** TASK INSTRUCTIONS **
All the lines below need to be transcribed exactly. Pictures get left out.

** INFORMATION SUPPLIED **
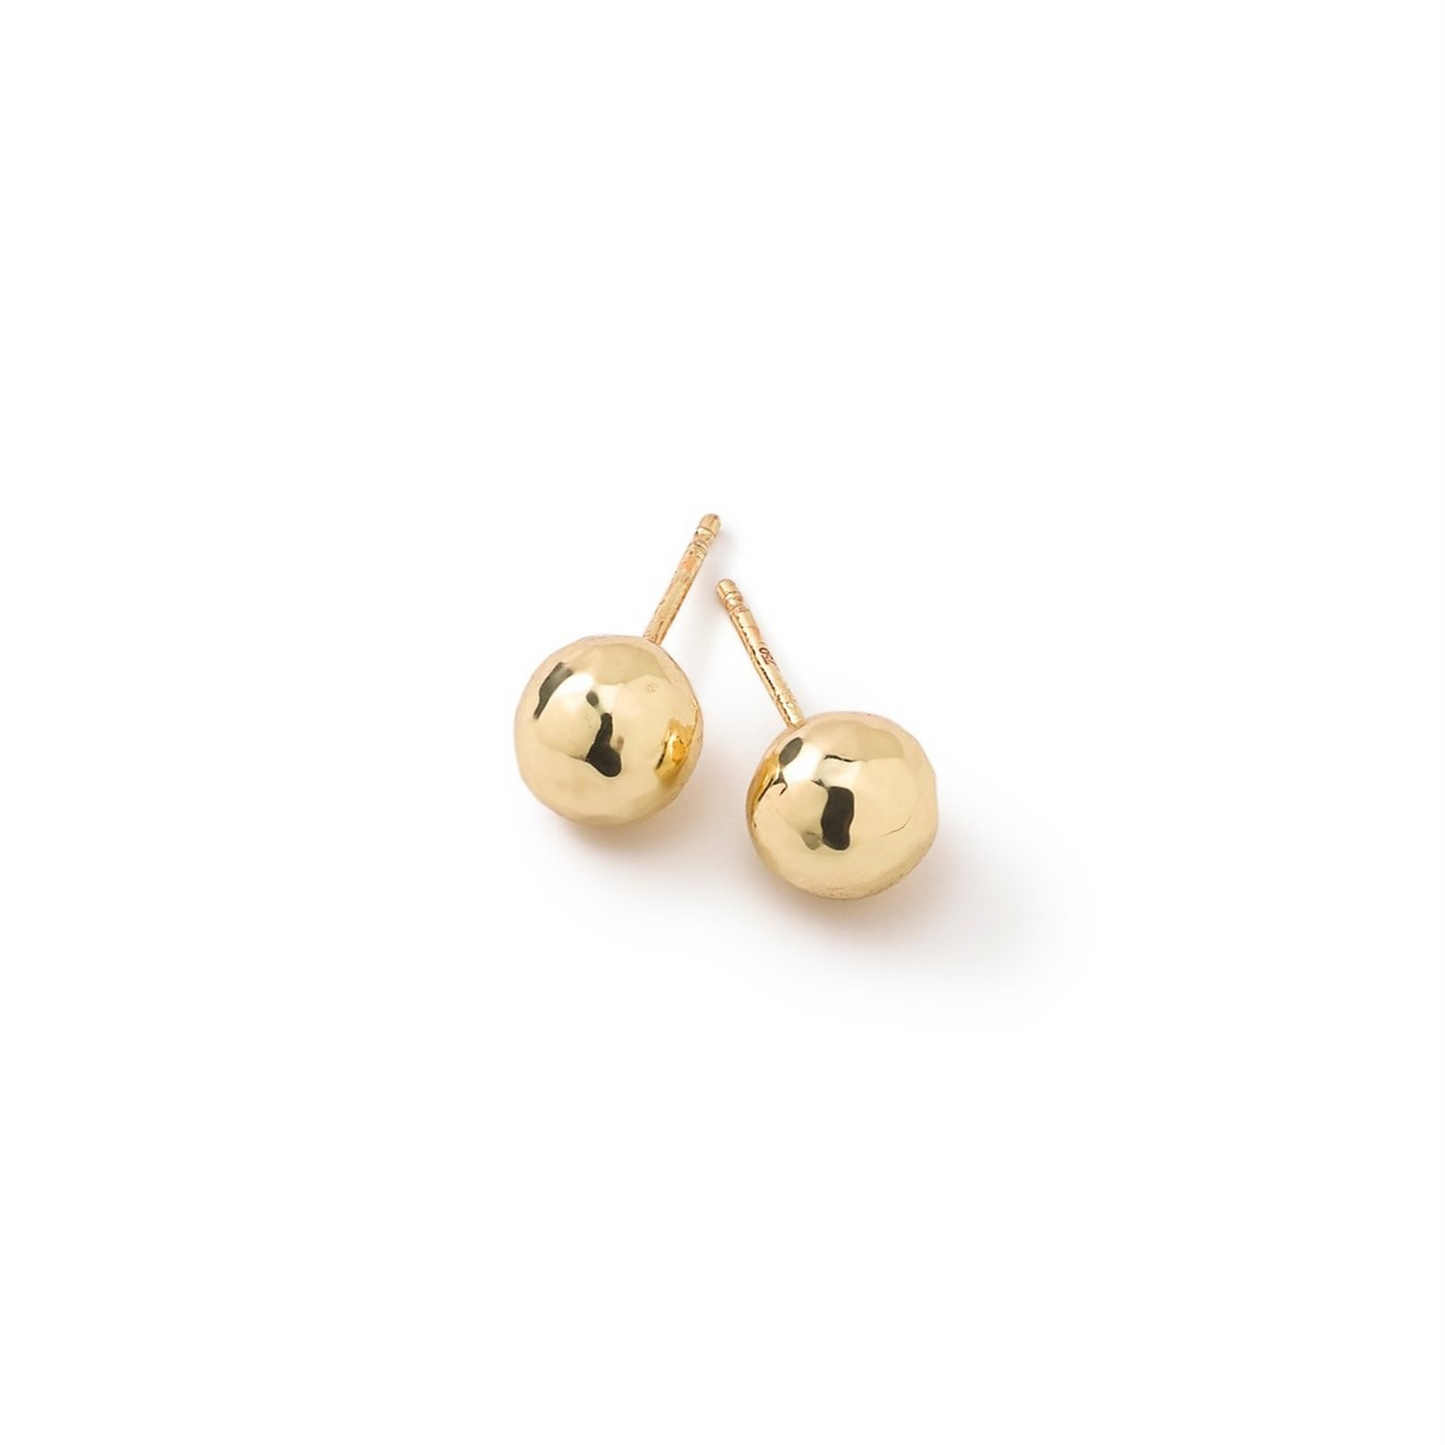 Ippolita Lightweight Small Hammered Ball Stud Earrings in 18K Gold
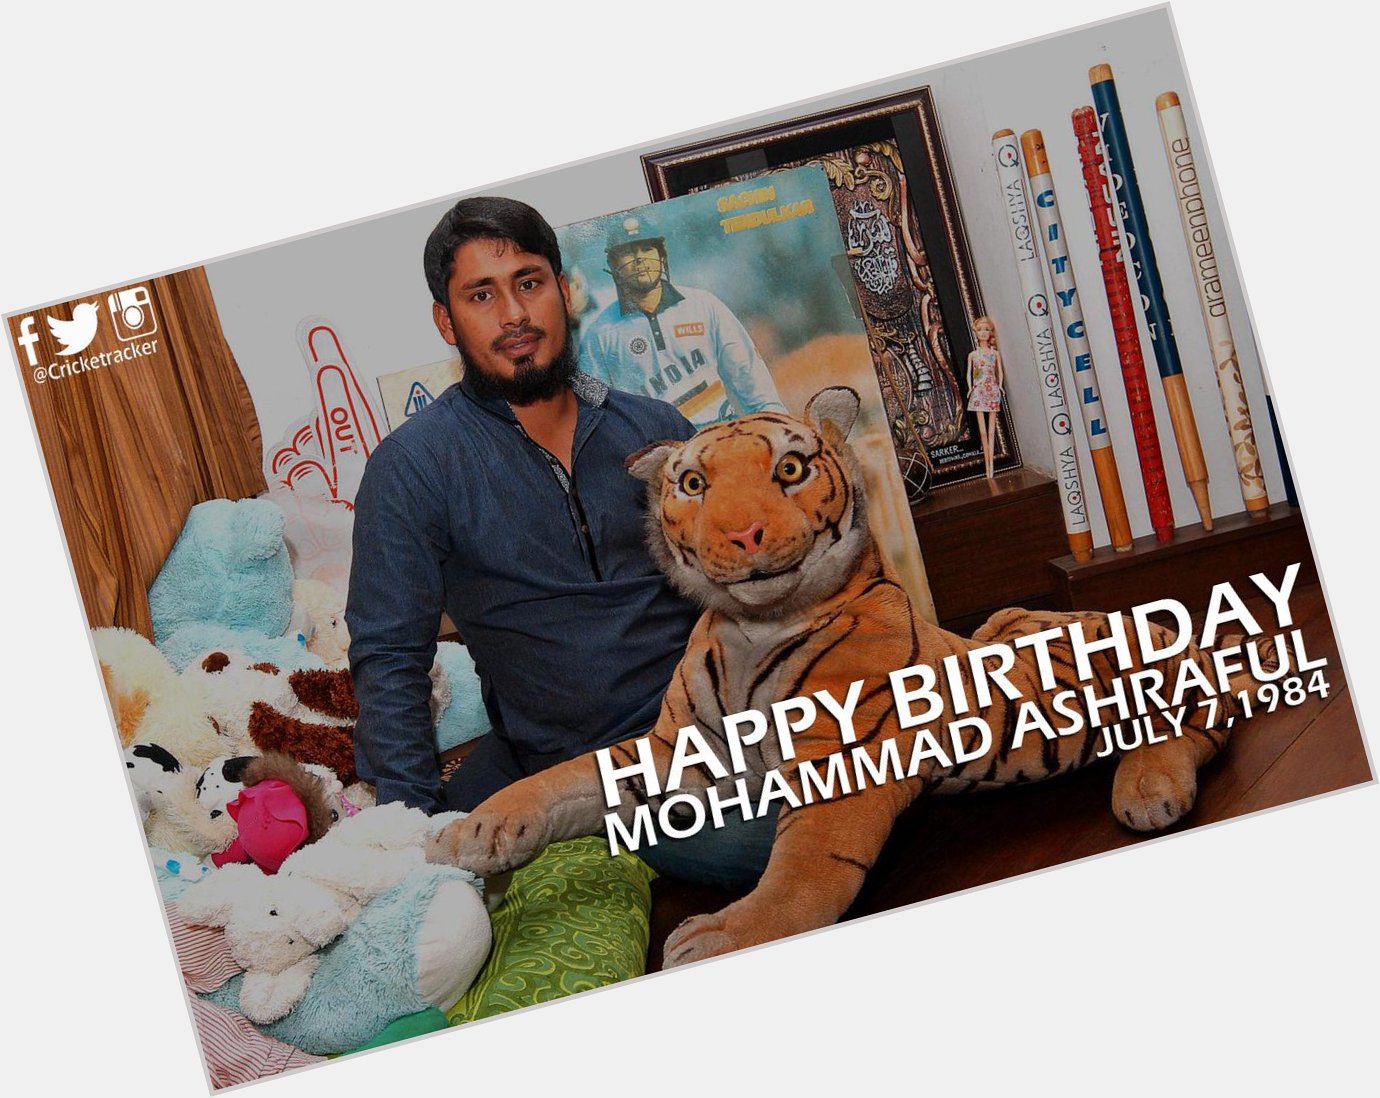 Happy Birthday Mohammad Ashraful\. He turns 31 today. 
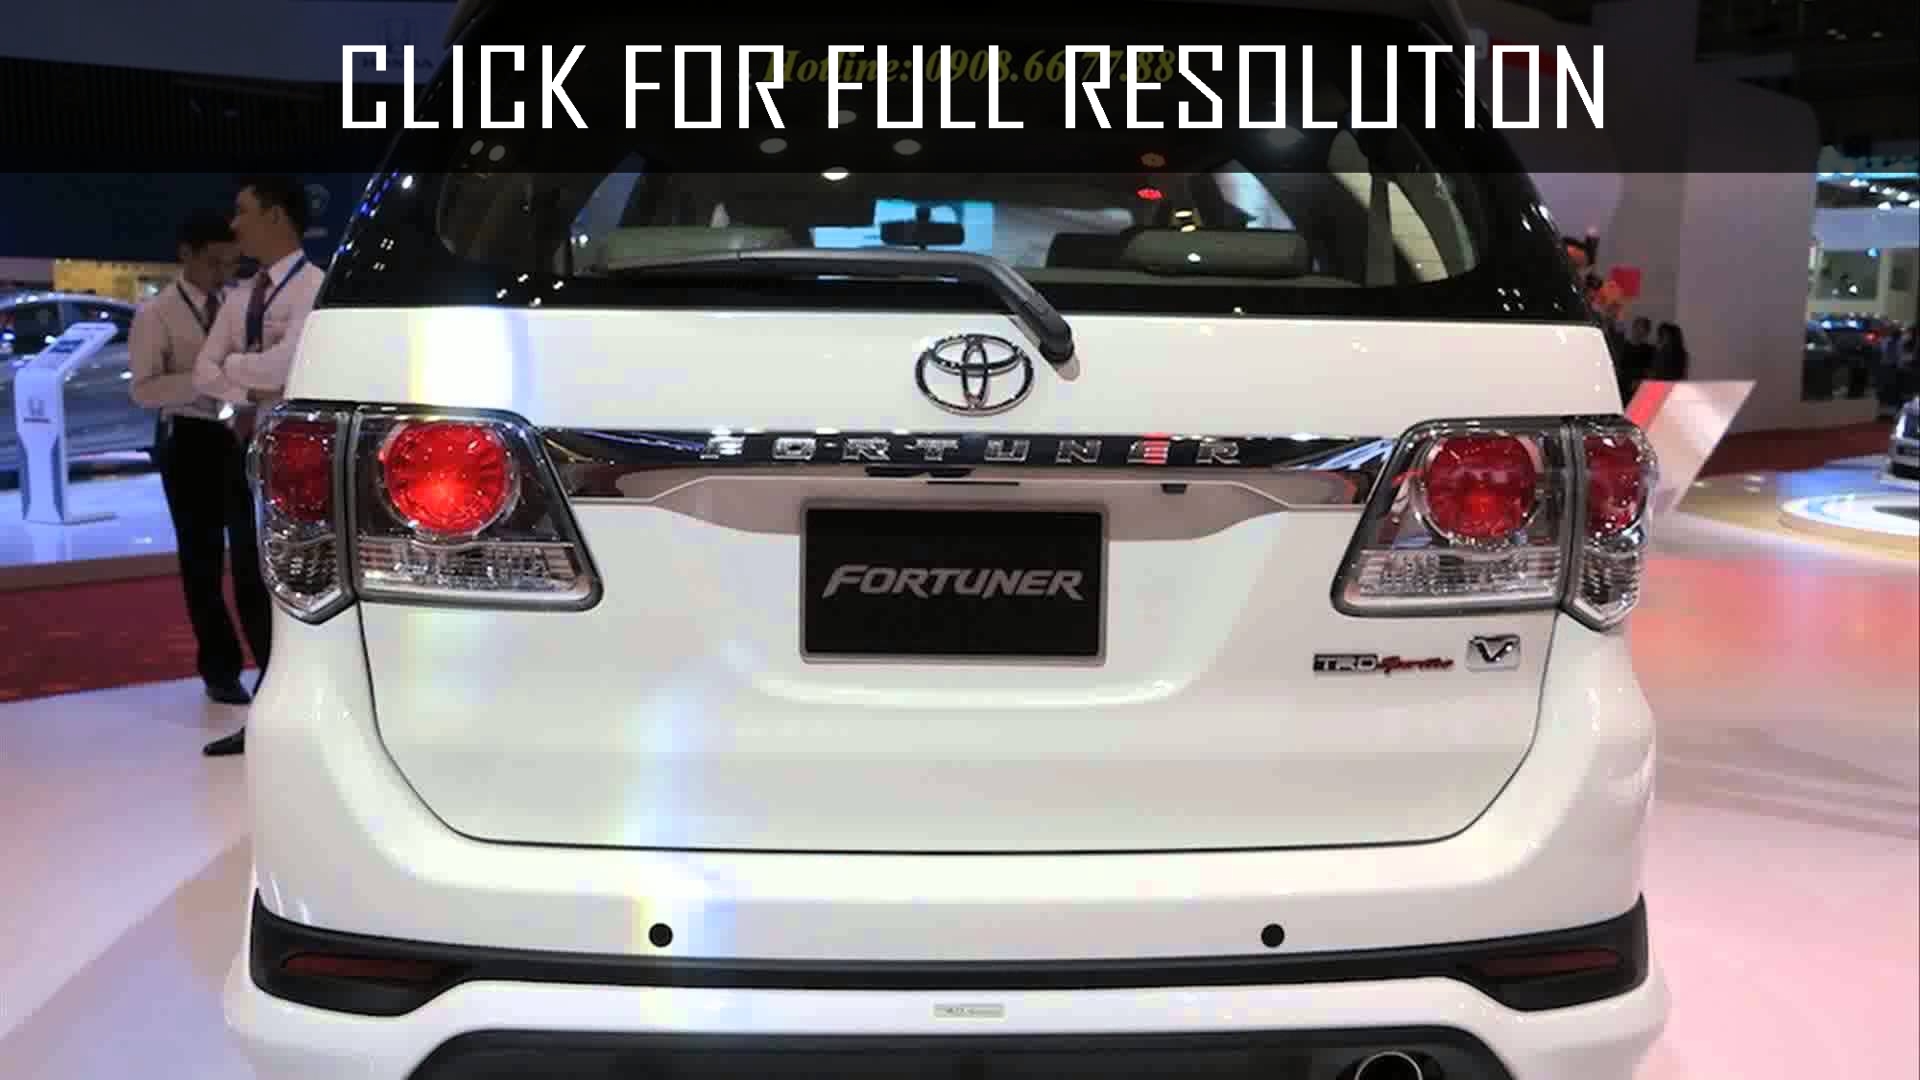 Toyota Fortuner Trd 2015

** RESPONSE TO THIS EXERCISE **
 Ippolita Lightweight Small Hammered Ball Stud Earrings in 18K Gold
 Happy Birthday Mohammad Ashraful\. He turns 31 today. 
 Toyota Fortuner Trd 2015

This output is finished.